4. Tahap Operasi Formal (11 tahun ke atas)

Pada tahap ini anak sudah dapat berpikir logis, berpikir dengan pemikiran teoritis formal berdasarkan proposisi-proposisi dan hipotesis, dan dapat mengambil kesimpulan lepas dari apa yang dapat diamati saat ini. Cara berpikir yang abstrak mulai dimengerti dan juga pemikirannya sudah melampaui ruang dan waktu.

Jean Piaget meyakini bahwa belajar adalah proses mempelajari kembali dan anak akan menumbuhkan sendiri perasaan mereka terhadap suatu hal yang nyata (Suparno, 2013: 39).
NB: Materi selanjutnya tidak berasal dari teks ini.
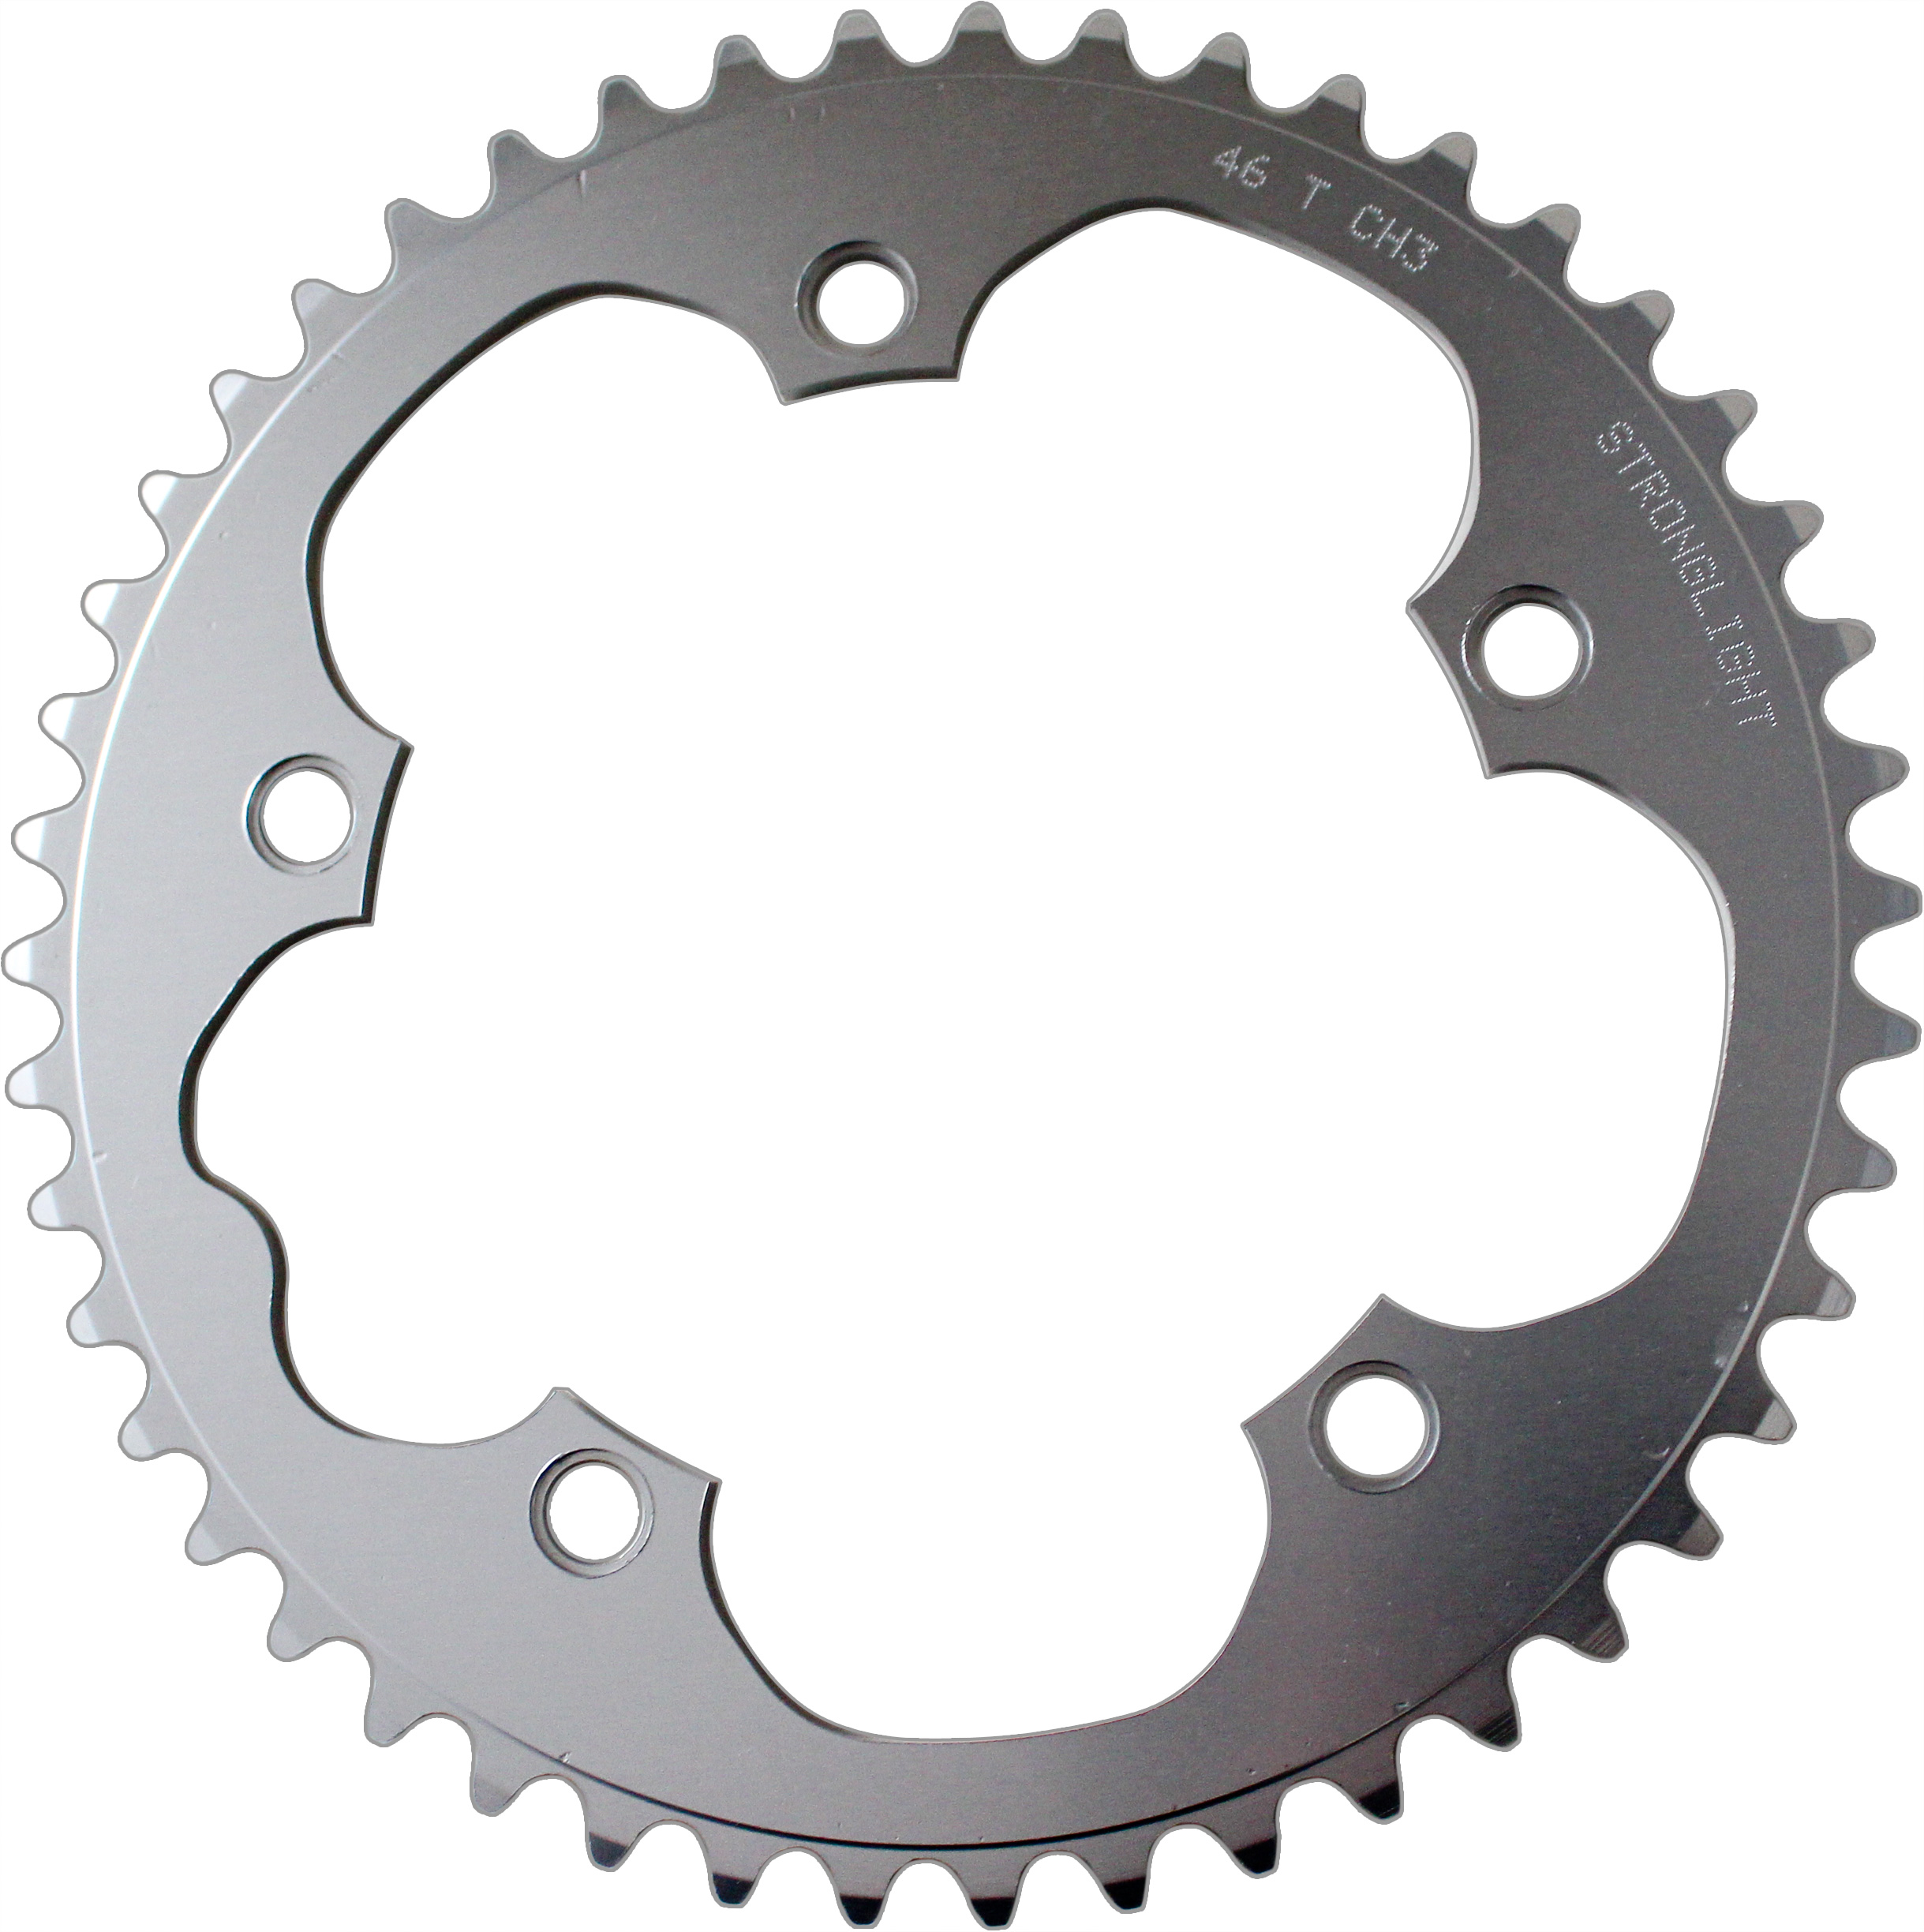 RTE130S46 Stronglight 46T 5-Arm/130mm Track Chainring

Menurut Piaget, pikir manusia mempunyai struktur yang disebut dengan skema atau skemata (jamak) yang sering disebut struktur kognitif.

Dengan menggunakan skemata itu seseorang mengadaptasi dan mengkoordinasi lingkungannya sehingga terbentuk skemata yang baru, yaitu melalui proses asimilasi dan akomodasi. Proses belajar sesungguhnya terdiri dari 3 tahapan, yaitu asimilasi, akomodasi, hubungan tahap ini dengan penelitian yang dilakukan ialah melalui permainan tradisional anak siswa dapat memperoleh suatu area yang digunakan untuk mempelajari materi pembelajaran yang dikaitkan dengan permainan tradisional sehingga siswa mampu mengetahui pembahasan dan inti dari materi tersebut, dan equilibrasi (penyeimbangan) (Sugihartono, 2013: 109-110).

13

1. Asimilasi merupakan proses penyatuan suatu informasi (pengetahuan) baru dikenalkan kepada seseorang dan pengetahuan itu cocok dengan skema/skemata (struktur kognitif) yang telah dimilikinya, maka pengetahuan itu akan diadaptasi sehingga terbentuklah pengetahuan baru.

2. Akomodasi adalah penyesuaian struktur kognitif pada situasi yang baru.

Proses restrukturisasi skemata sudah ada sebagai akibat adanya informasi dan pengalaman baru yang tidak dapat secara langsung diasimilasi pada skemata tersebut. Pada akomodasi terjadi proses belajar yang baru dan merefleksikan perubahan kualitatif pada skemata disebut perkembangan (development).

3. Disequilibrium dan Equilibrium yaitu penyesuaian berkesinambungan anatara asimilasi dan akomodasi. Proses akomodasi dimulai saat pengetahuan baru yang dikenakan tidak cocok dengan struktur kognitif yang sudah ada, maka akan terjadi disequilibrium, kemudian struktur kognitif tersebut direstukturisasi kembali agar dapat disesuaikan dengan pengetahuan baru atau terjadi equilibrium, sehingga pengetahuan baru itu dapat diakomodasi dan selanjutnya diasimilasikan menjadi pengetahuan skemata baru.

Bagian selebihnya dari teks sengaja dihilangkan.